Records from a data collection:
________________

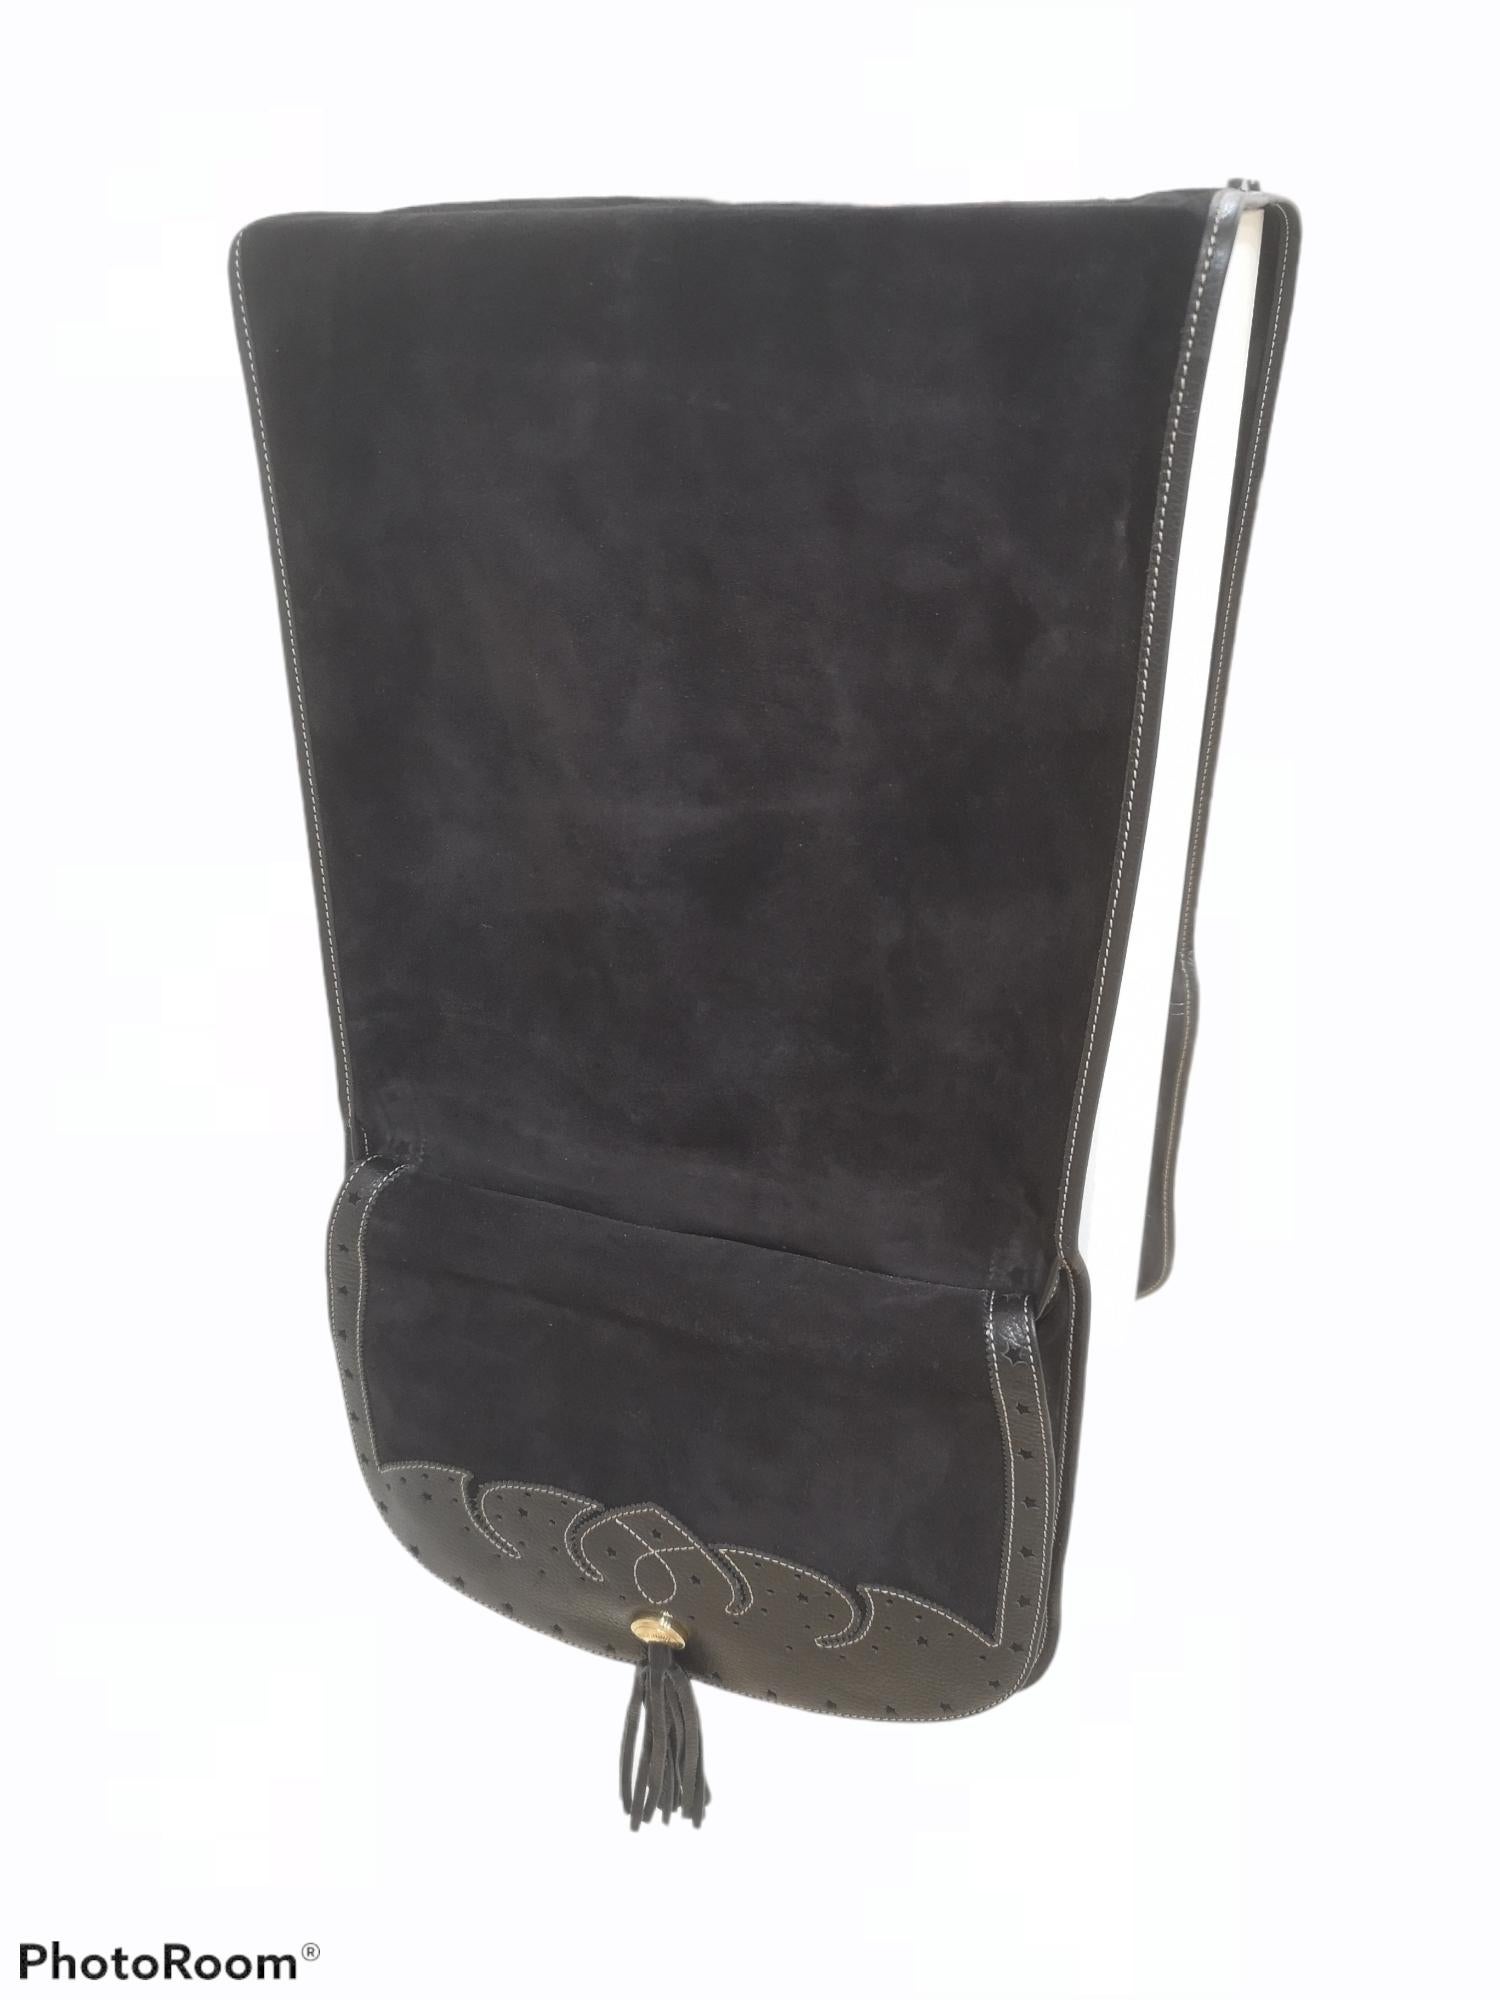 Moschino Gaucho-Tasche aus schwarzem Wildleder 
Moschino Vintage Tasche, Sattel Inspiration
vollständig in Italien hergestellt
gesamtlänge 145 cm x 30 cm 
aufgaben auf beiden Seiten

________________

WORK REQUEST:
Produce an exact copy of each line of data, skipping embedded images.

THE ANSWER:
 Moschino Gaucho-Tasche aus schwarzem Wildleder 
Moschino Vintage Tasche, Sattel Inspiration
vollständig in Italien hergestellt
gesamtlänge 145 cm x 30 cm 
aufgaben auf beiden Seiten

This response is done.